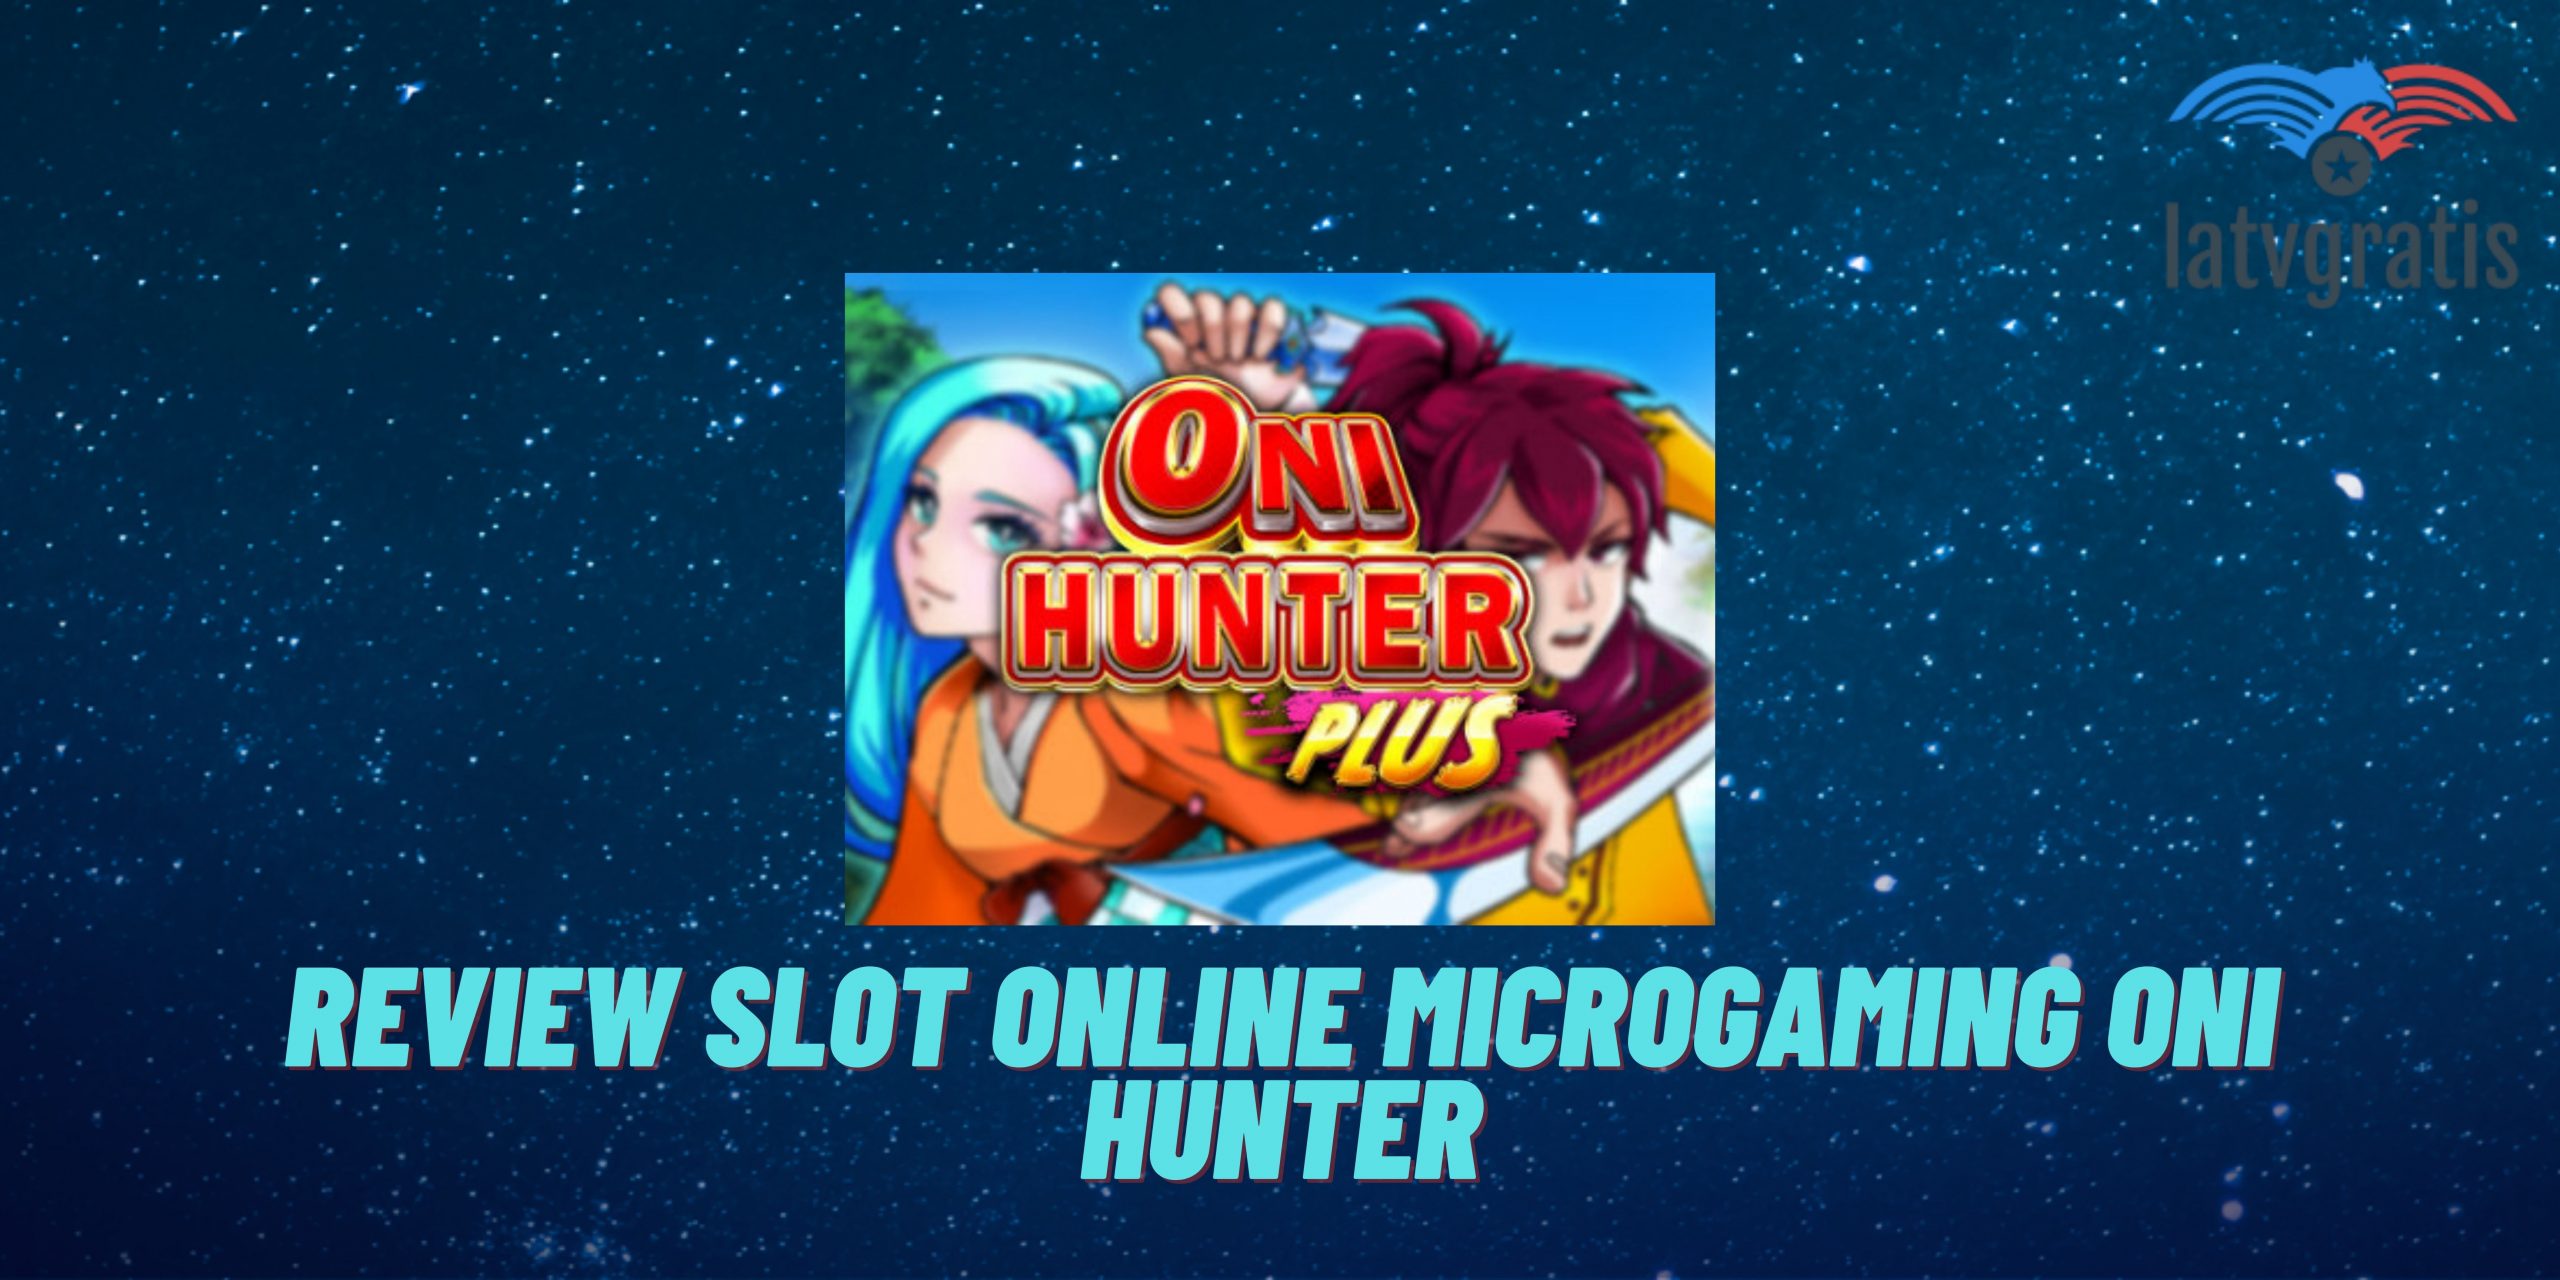 Review slot online microgaming oni hunter plus
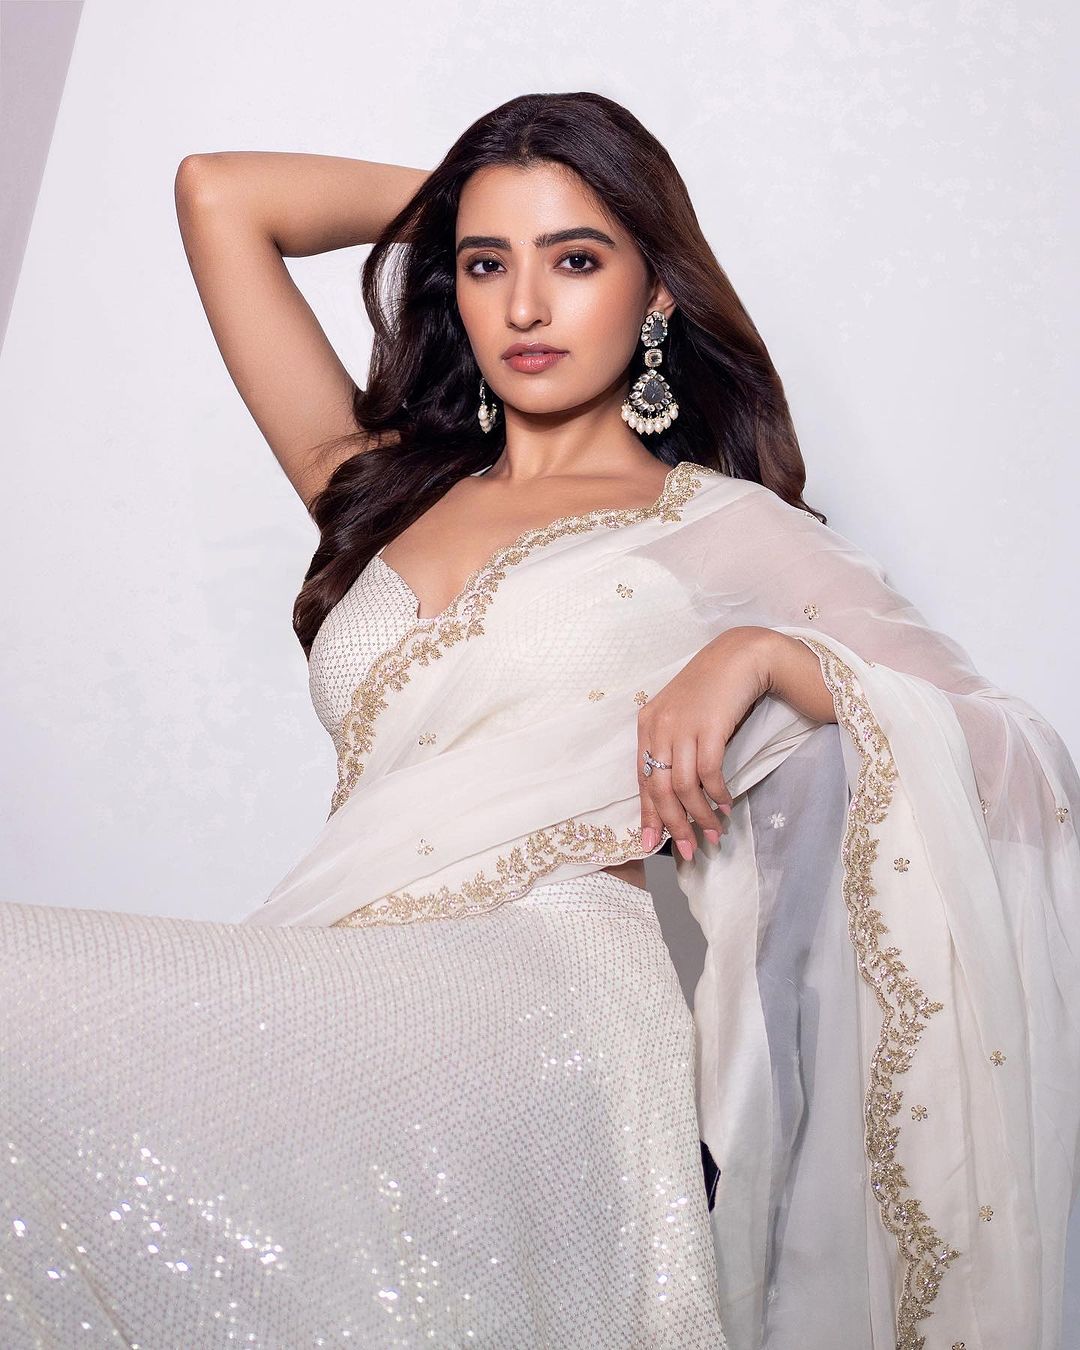 Actress rukshaar dhillon is mesmerizing with her beauty-Actressrukshaar Photos,Spicy Hot Pics,Images,High Resolution WallPapers Download
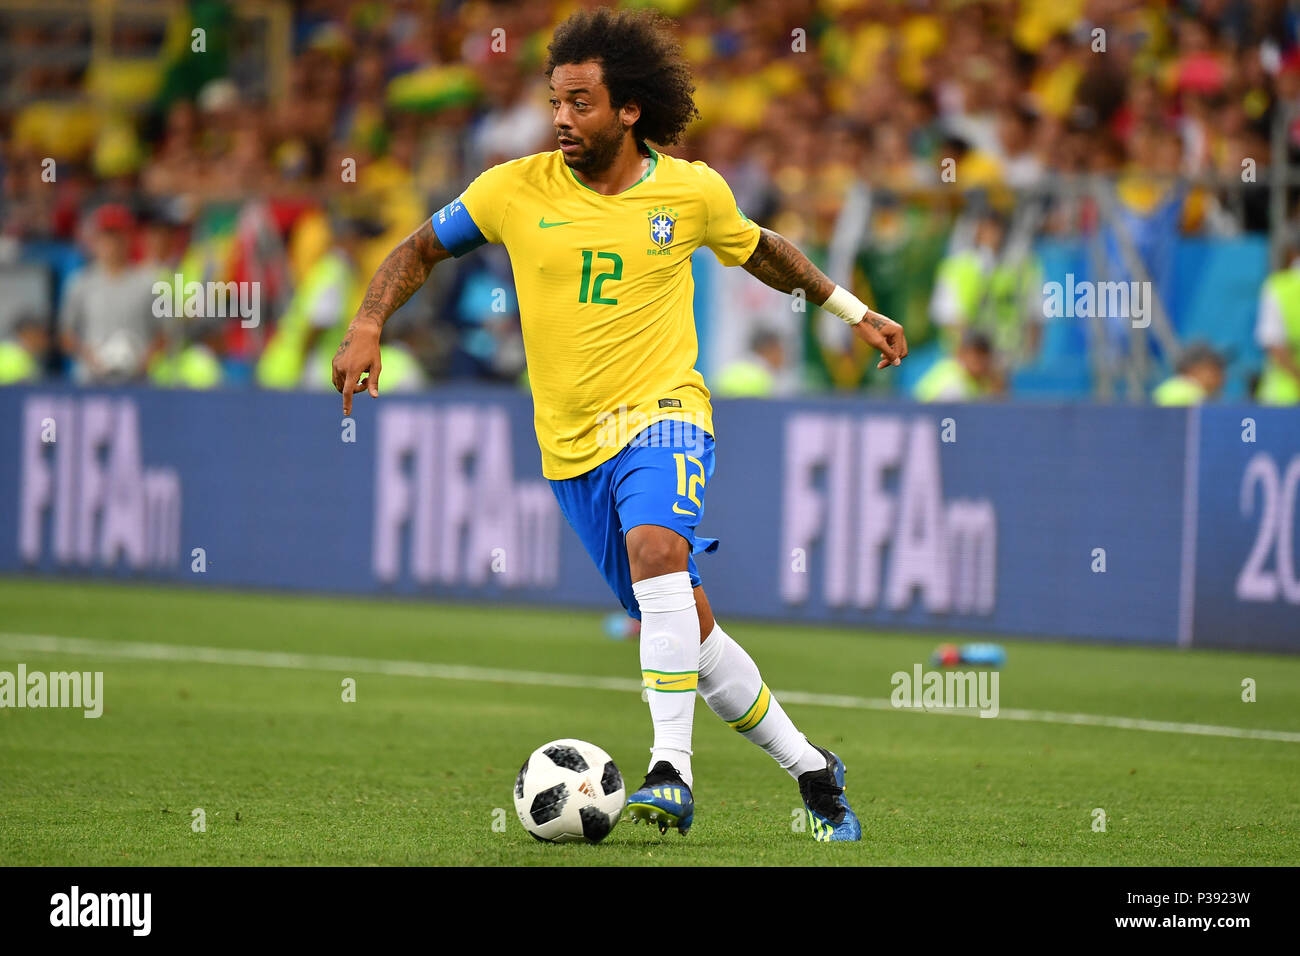 MARCELO (BRA), Action, Single Action, Frame, Cut Out, Full Body, Whole  Figure. Brazil (BRA) -Switzerland (SUI) 1-1, Preliminary Round, Group E,  match 09, on 17.06.2018 in Rostov-on-Don, Rostov Arena. Football World Cup

GOAL OF THE EXERCISE: Everything in the data except the pictures needs to be written out exactly.

WRITTEN REPLY:
 Review slot online microgaming oni hunter plus
 Actress rukshaar dhillon is mesmerizing with her beauty-Actressrukshaar Photos,Spicy Hot Pics,Images,High Resolution WallPapers Download
 MARCELO (BRA), Action, Single Action, Frame, Cut Out, Full Body, Whole  Figure. Brazil (BRA) -Switzerland (SUI) 1-1, Preliminary Round, Group E,  match 09, on 17.06.2018 in Rostov-on-Don, Rostov Arena. Football World Cup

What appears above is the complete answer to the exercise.